__PROBLEM__:
Please take the records that follow and repeat exactly the lines starting with the line with "ふくしま県民アプリ参加方法" and going on through the line with "Papp Katalin MÁV".

__INFORMATION SUPPLIED__:
-=-=-=-=-

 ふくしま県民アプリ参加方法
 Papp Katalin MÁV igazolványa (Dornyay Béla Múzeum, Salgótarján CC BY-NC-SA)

-=-=-=-=-

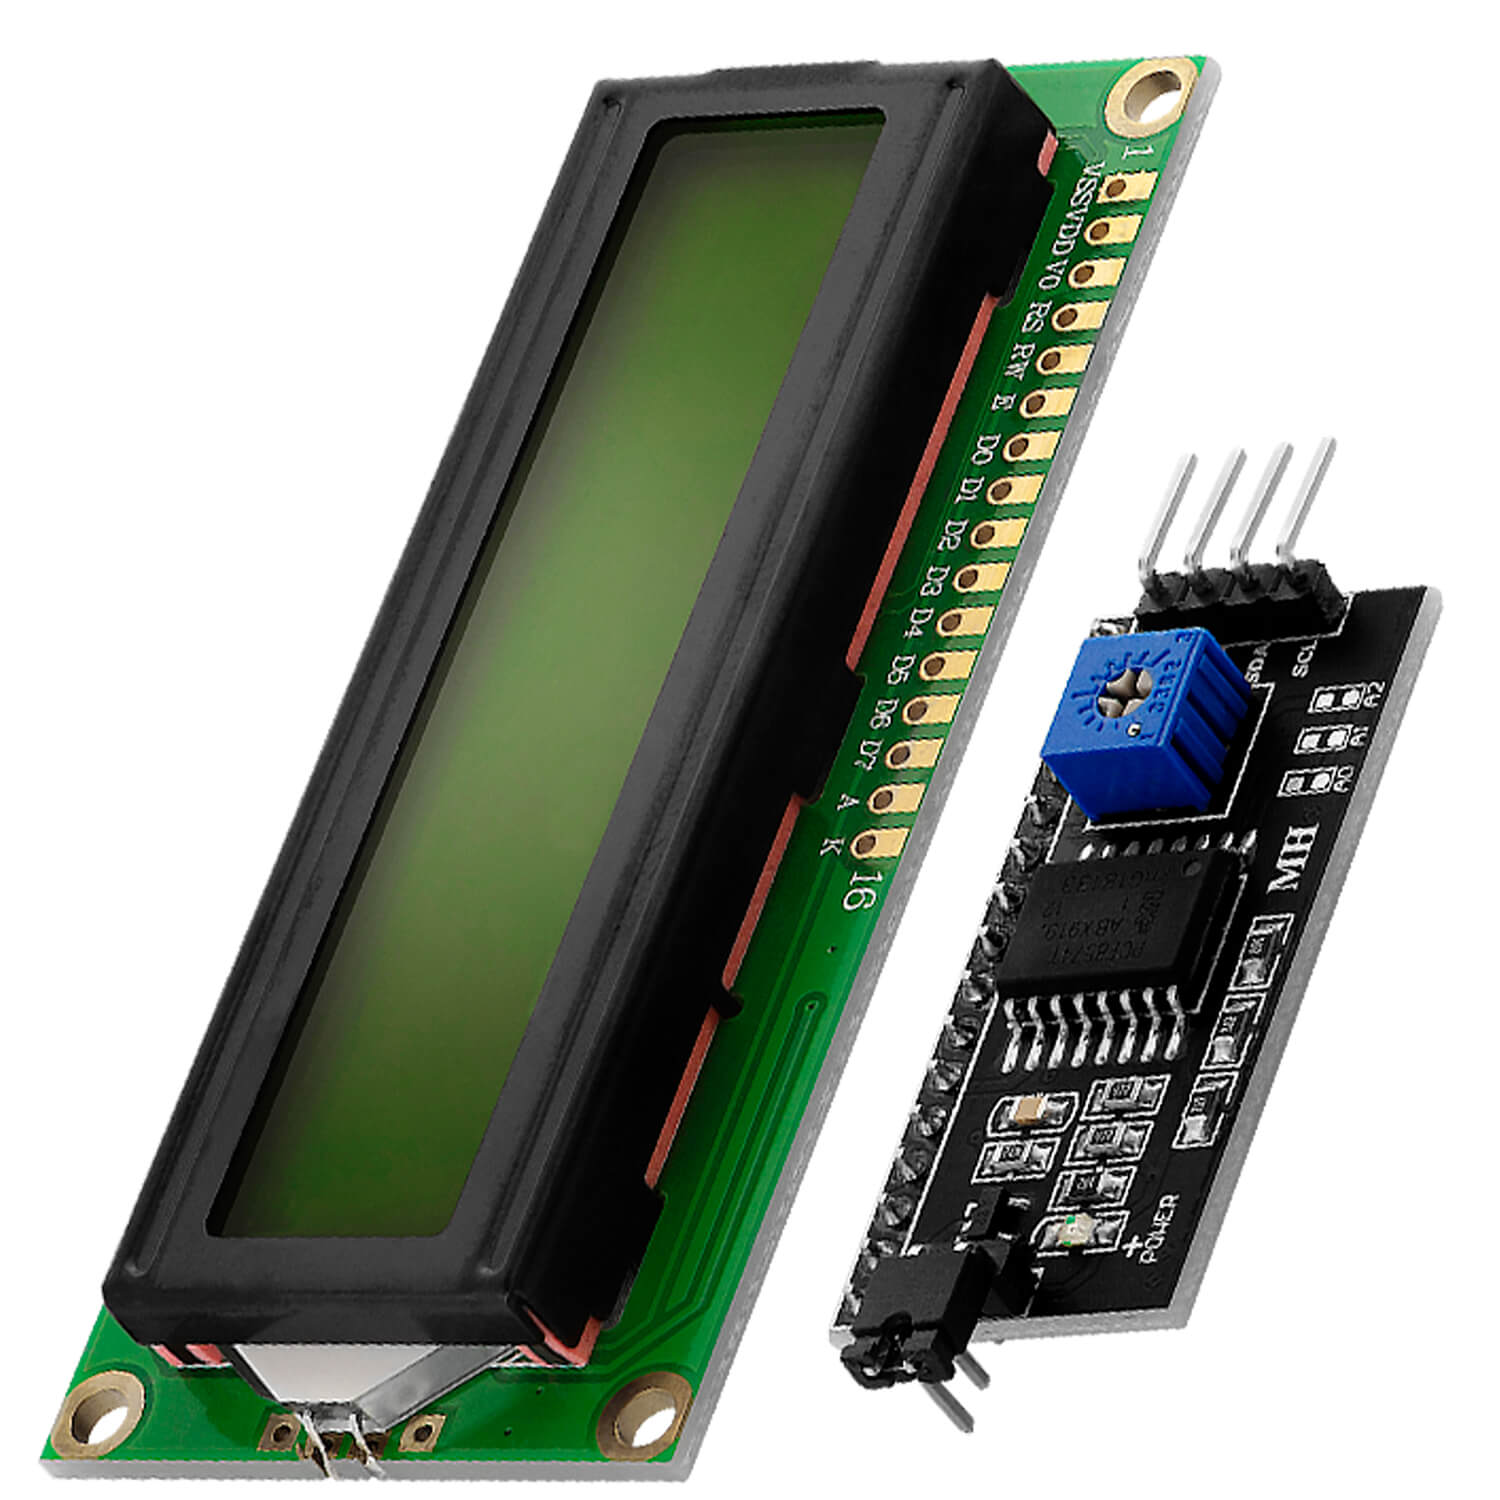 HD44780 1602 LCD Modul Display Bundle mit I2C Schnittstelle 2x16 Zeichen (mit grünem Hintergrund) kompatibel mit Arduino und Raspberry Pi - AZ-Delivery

-=-=-=-=-

__ANSWER SPACE__:
 ふくしま県民アプリ参加方法
 Papp Katalin MÁV igazolványa (Dornyay Béla Múzeum, Salgótarján CC BY-NC-SA)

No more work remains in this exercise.